# Amplificador valvular de 50w de alto damping (Zo < 0.2 ohm)



## hazard_1998 (Oct 3, 2008)

bueno, pongo el post a colacion de la discucion de que con valvulas no se podian lograr bajas impedancias de salida, no lo posteo con la intensión de que alguien lo construya, ya que el transformador es muyy complejo de calcular, sino mas bien para analizarlo

el circuito es de la firma bogen.
lo extraje de un libro que poseo sobre audio de alta fidelidad de la decada del ´50 y que esta en italiano.

posteo el circuito y cuando pueda veo de transcribir el articulo del libro o de traducirlo primero, ya que no lo puedo escanear por el momento.

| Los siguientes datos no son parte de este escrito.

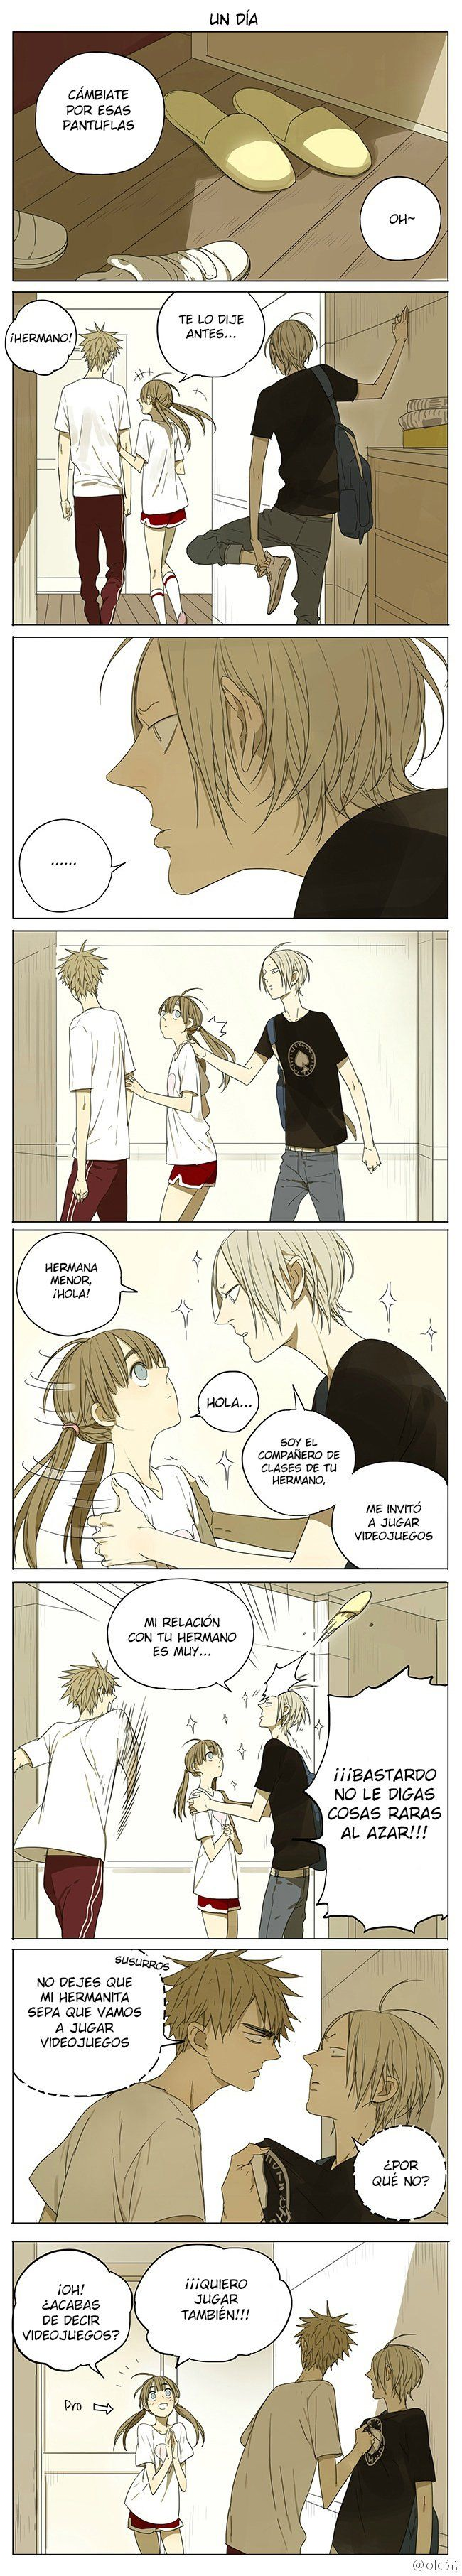 19 Days Capítulo 4 página 2 (Cargar imágenes: 10) - Leer Manga en Español gratis en NineManga.com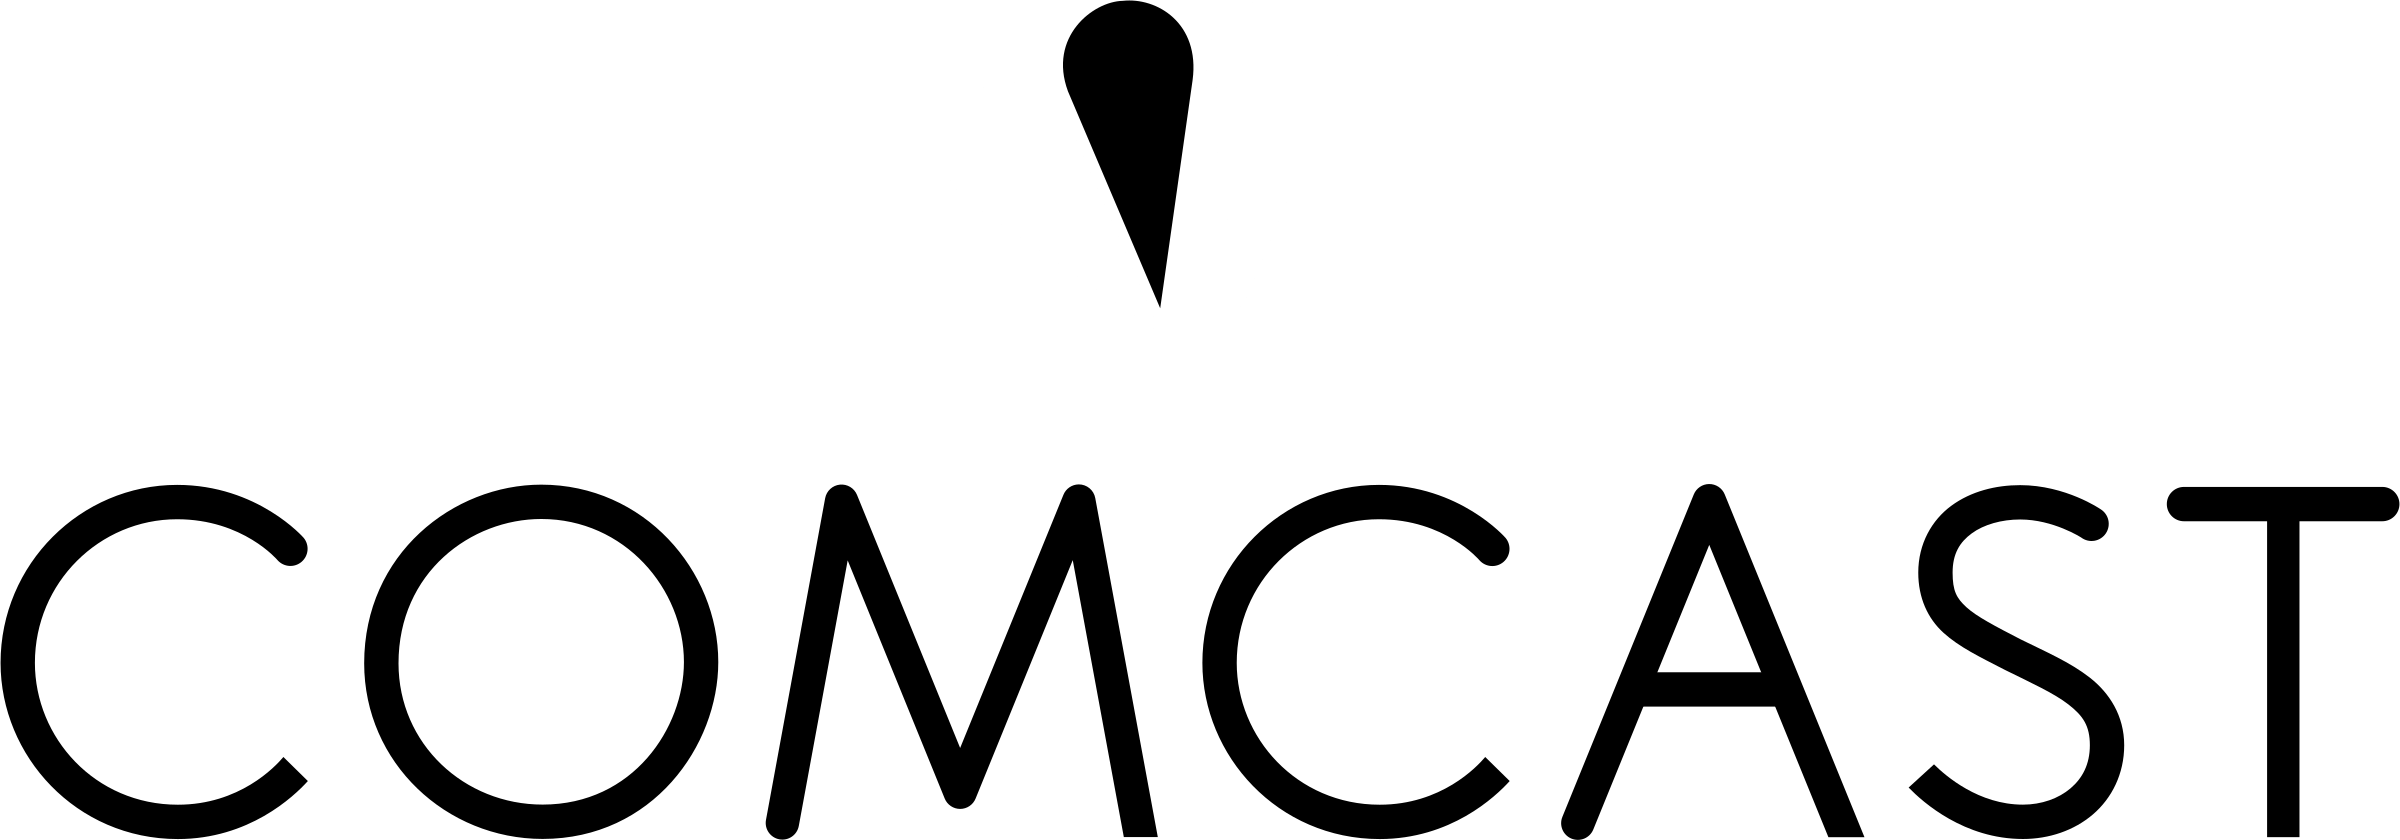 Comcast Logo Png Transparent Svg Vector Freebie Supply

Pd: prestar atensión a la etapa de entrada de altisima ganancia (circuito con agotamiento en placa) y el concepto de realimentacion de corriente con ajuste de amortiguamiento de salida


----------



## Fogonazo (Oct 3, 2008)

Solamente leí el titulo y ya me imagine quién lo posteaba.

Esta interesante.
La forma de excitar el transformador la conocía, pero nunca vi superpuestas (En válvulas) los 2 modos de realimentación corriente y tensión.

En algún lado yo había escrito algo sobre las "Exóticas" formas de alimentar al transformador de salida, esta era una de ellas.

Pregunta descolgada 1: ¿ Cuanto vale una KT66, KT88 o una simple 6L6 ?
Pregunta descolgada 2: ¿ Se consiguen aún ? (Si se consiguen ya que se emplean en equipos nuevos), pero un simple mortal las ¿ Puede conseguir ?


----------



## fermarlo (Oct 4, 2008)

Aquí, en España, se consiguen a precios muy asequibles:

KT 66, unos 28 €, KT 88 45 € y 6L6 sobre los 20 €. Son todas de fabricación rusa aunque las KT 66 y 88 vienen con la marca Gold Lion y son de excelente calidad. Las 6L6 son de Tung-Sol "remakeadas" también de muy buena calidad.

Saludos.


----------



## Fogonazo (Oct 4, 2008)

fermarlo dijo:
			
		

> .......Las 6L6 son de *Tung*-Sol "remakeadas" también de muy buena calidad......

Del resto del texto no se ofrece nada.